What the exercise asks: In the entries below, find the line with "Мышца квадрицепс бедра анатомия" and the line with "50 Pieces A7"; give again those lines and every line between them, exactly.

Records shown:
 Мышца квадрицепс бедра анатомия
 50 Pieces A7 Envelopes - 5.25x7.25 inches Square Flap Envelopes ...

...

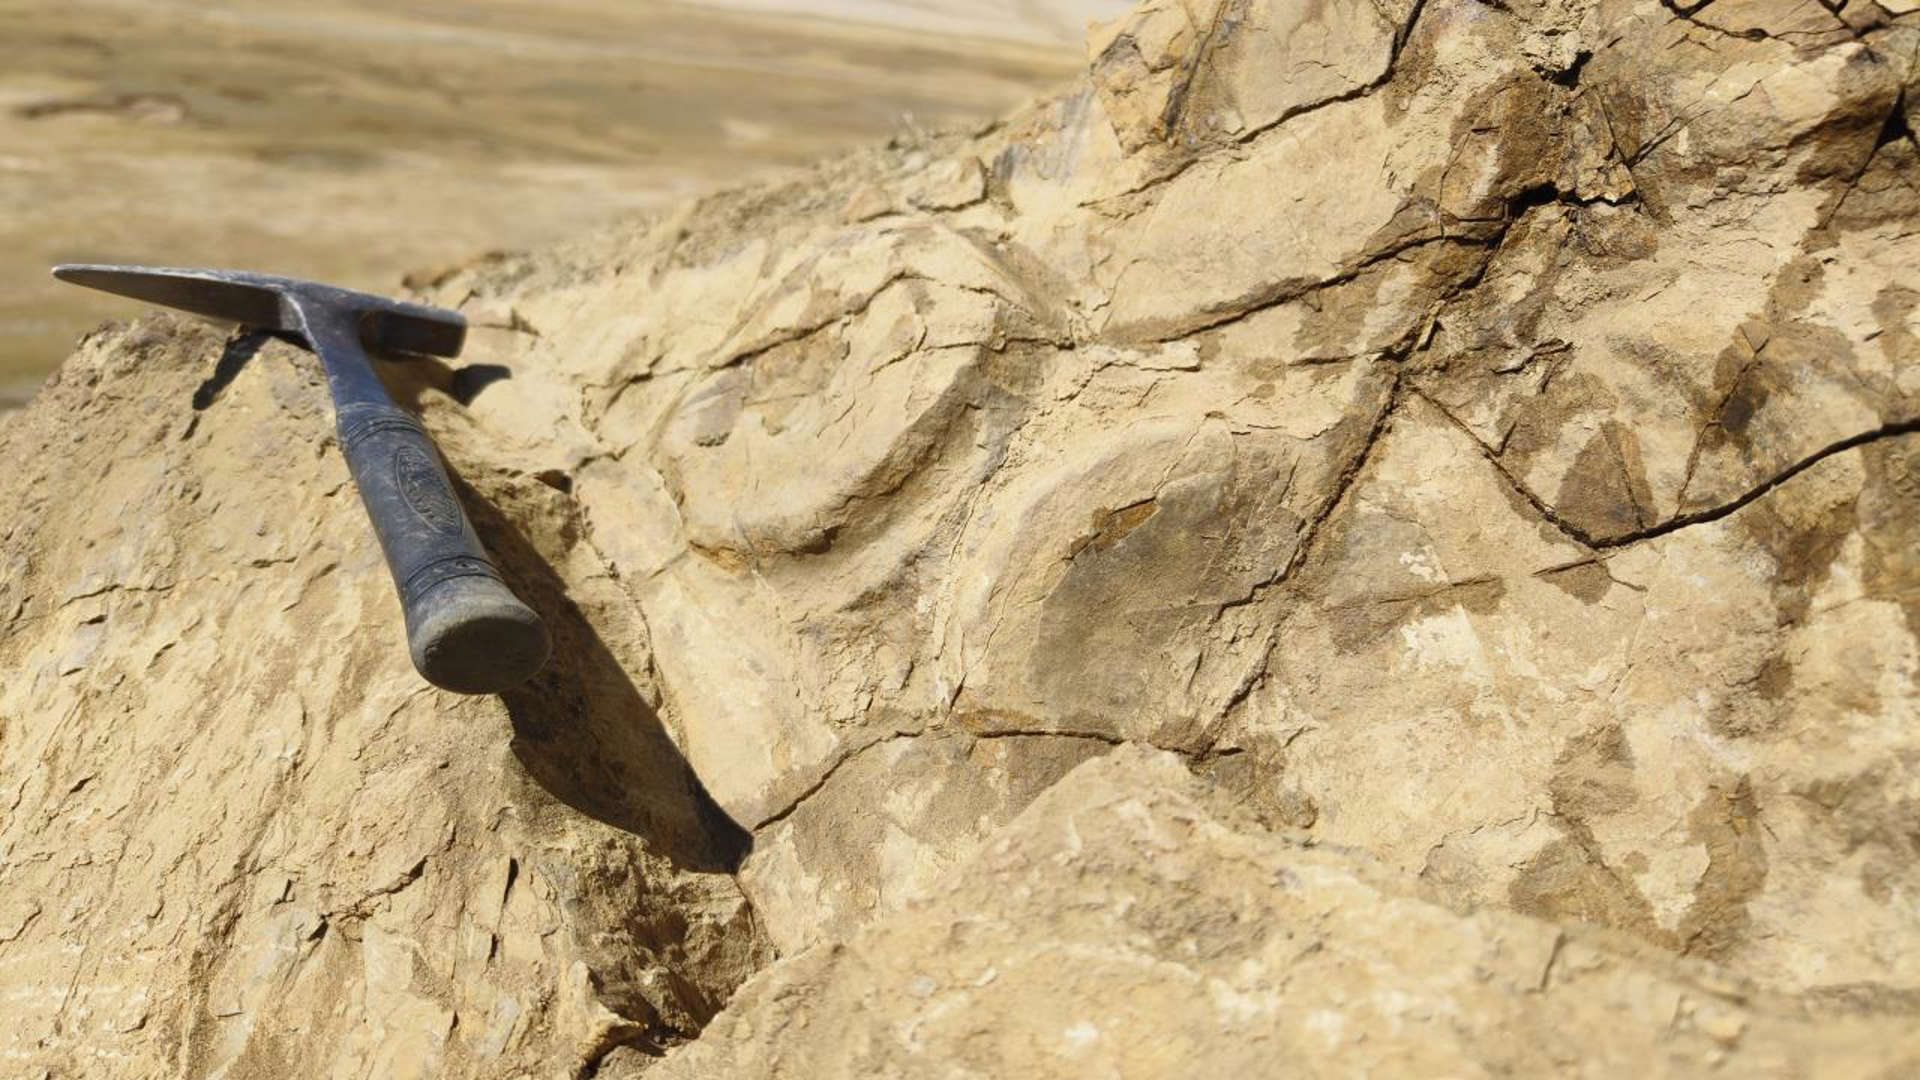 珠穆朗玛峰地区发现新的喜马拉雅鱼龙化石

Solution to this task:
 Мышца квадрицепс бедра анатомия
 50 Pieces A7 Envelopes - 5.25x7.25 inches Square Flap Envelopes ...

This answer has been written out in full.